White water rafting was introduce to Bali by Nigel and Yani in the 1980’s and was the first major tourist participation adventure tourism on the island and was an instant success.  Many have followed the lead of Nigel and Yani and over the years there have been 35 rafting companies on the island - some have failed – however Bali Adventure rafting has gathered strength, to the extent that the company is currently upgrading the rafting in a multimillion dollar project on a new property.

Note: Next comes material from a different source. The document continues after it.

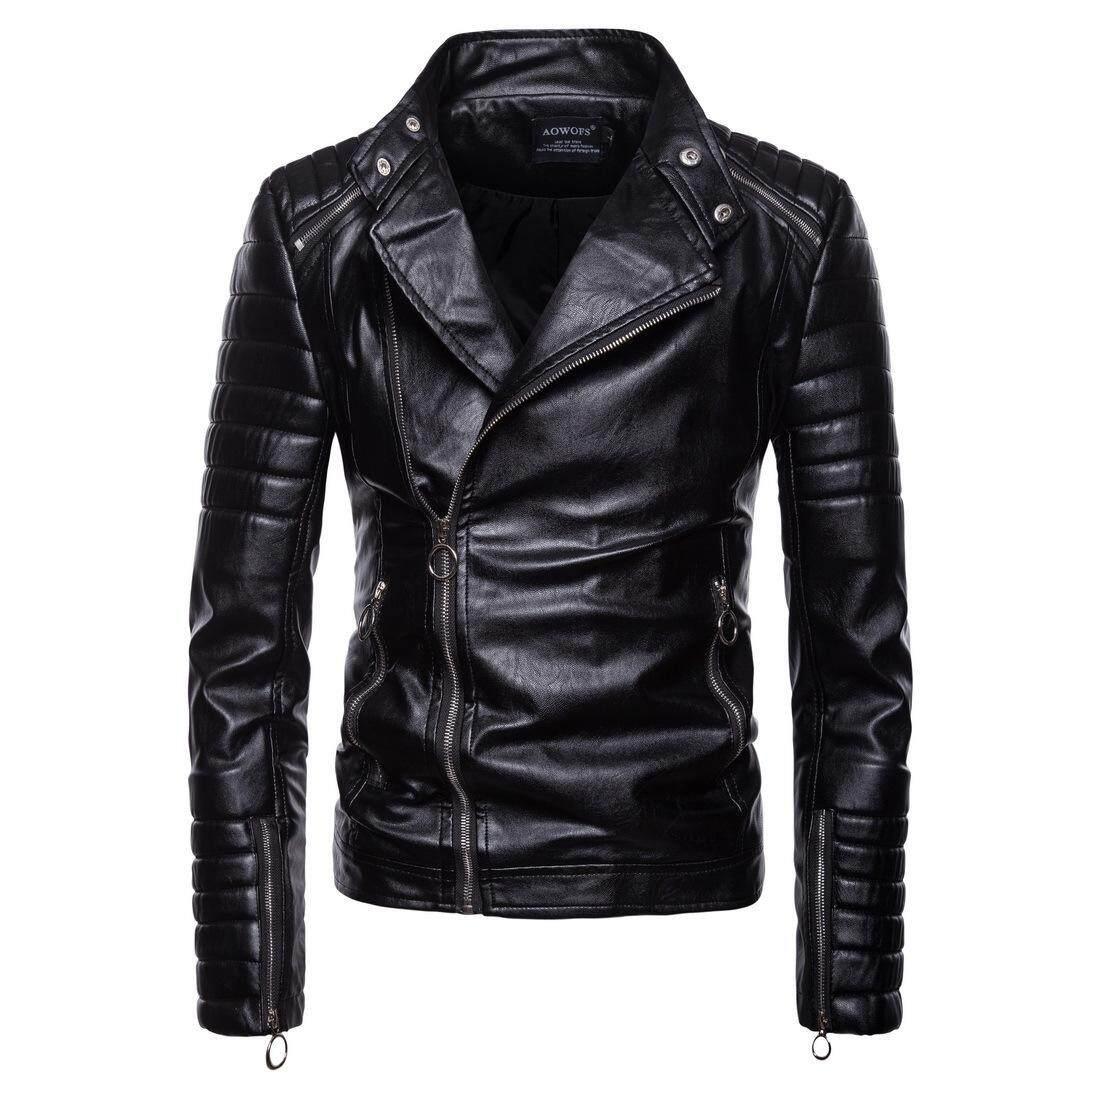 8a902b332 Josin Men s Motorcycle Biker Jacket Korean Style Genuine Cow Leather ...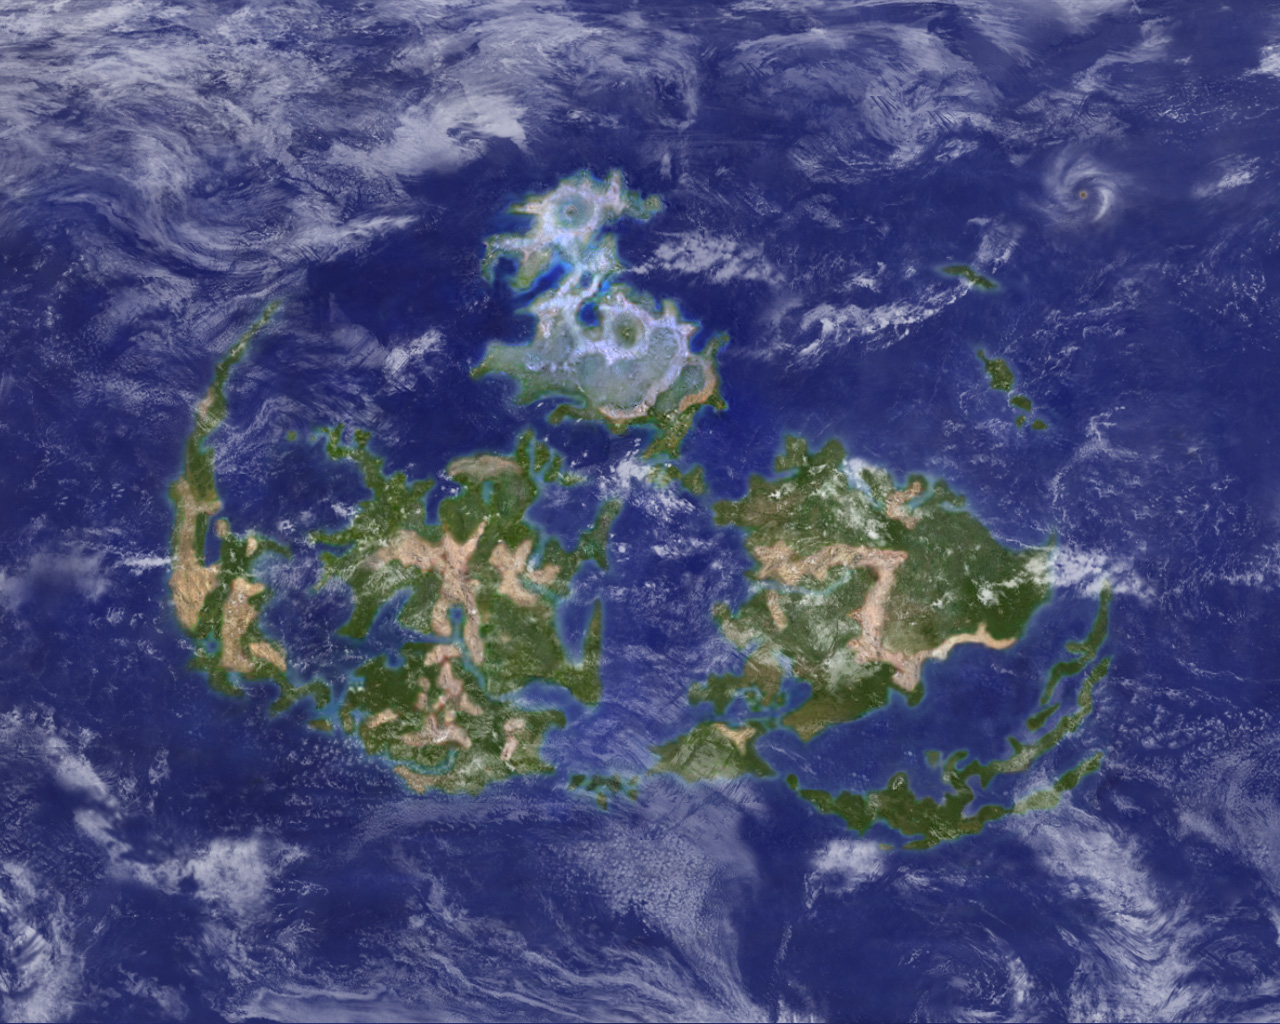 sephirosuy - Life is RPG: Final Fantasy VII world map \

The rafting was and is a spectacular success, but the couple’s first tourism venture was the famous Yani’s restaurant and bar in Kuta.  In the 1980’s Nigel realized that there was no restaurant in Kuta servicing the growing Australian market and Yani’s was born.  It was not an overnight success, the success came with hard work, long hours and personal sacrifice.

When they began this venture it was the start of a 30 year adventure which expanded and progressed in hand with Bali’s tourism industry.  They began with no money and borrowed from family and friends for start up.  The restaurant served quality food that Australians were accustomed to at home and remained open all night with Nigel and Yani and their young family living on the premises.

They pounded the street during the day handing out flyers to fill the restaurant at night and in time it became a by word in all Australian travel plans for Bali.

The white water rafting operation began in 1989. Planning, safety, a quality product and marketing were all contributors to the venture, but the most important ingredients were the determination, drive and faith of Nigel and Yani.  It was so successful that semantics of the government of the day closed the operation for two years, but Nigel and Yani fought back and their rafting operations resumed in 1996.

During that time, although Bali Adventure was not operating they continued to advertise in this newspaper which was approached on day by a man purporting to be from the Mason’s, cancelling the advertising.  The newspaper approached the Mason’s a few weeks later and discovered that they had not cancelled the advertising, but in fact were angered that the newspaper had done so.  It was discovered that the person cancelling the advertising, claiming to be an emissary of the Mason’s was in fact an employee of the then governor’s office.

It was during this hiatus that Nigel turned to his love of the environment and with his wife and children planted ( at their own expense) between 150,000 and 200,000 mangrove trees on the mud flats at the back of their property – a labour of love that continued for ten years during which time they were chastised, accused of attempting to create a new tourist venture on government land and given only abuse and no praise – it was the BG period (before green).  It all ended in 2005 when the government sent men in with chain saws to cut down every single tree to make way for a sewerage farm.

The biggest shining jewel in the company’s adventure crown in the Elephant Safari Park at Taro near Ubud.  The 3.5 hectares of botanical gardens, 30 elephants and world standard facilities is constantly being proclaimed by media, international television programs, wildlife expert and international celebrities as the best park of its type in the world.

The Elephants Safari Park boasts a luxury residential lodge, an international standard restaurant, bars, a museum, an elephant information centre, a boutique gift shop, a souvenir photo shop, a wedding pavilion, a wellness spa, a fitness center, elephant bathing lakes, an Amazon fish pond, a helipad and scores of support facilities including a research laboratory, engineering and gardening workshop, a hotel laundry, three public car parks and a staff parking lot, a manure recycling area, generating and electrical plant and buildings, a kitchen and bakery complex and elephant relaxing areas and feeding pads.

The couple have spent $1,5 million on the development of gardens at the park.  Their expertise and drive is also evident at the Bali Bird Park where for a period of time the Masons were the majority share holders.  Their energy and enthusiasm saw the complete revamp of the gardens at the park and also the greatly expanded visitor numbers though the gate.

When they discovered staff were stealing $12,000 per month, they took action to remedy the situation and were confronted by unions, disgruntled staff and a host of other problems so Nigel and Yani sold their interest and concentrated efforts on the Elephants Safari Park and have never looked back.

Along the way they developed a doll factory in Bali which is now in its twenty second year of operation.

The company produced an internationally acclaimed elephant documentary entitled ‘Operation Jumbo’ which traced the 3000 kilometre journey of endangered elephants from Sumatra to Bali and has now been viewed by millions of people around the world.

Nigel has also written a best selling children’s book – The Tale of the first white elephant in Bali.

The former Australian record and electronics company executive came to Bali because he was ‘burnt out’ and suffering from a failed marriage.

Nigel Mason is one of the ‘old school’ expatiates who came to Bali not to make money, but to enjoy the relaxed lifestyle and in doing so has played a significant role in improving the lifestyle, pride and future of every Balinese on the Island.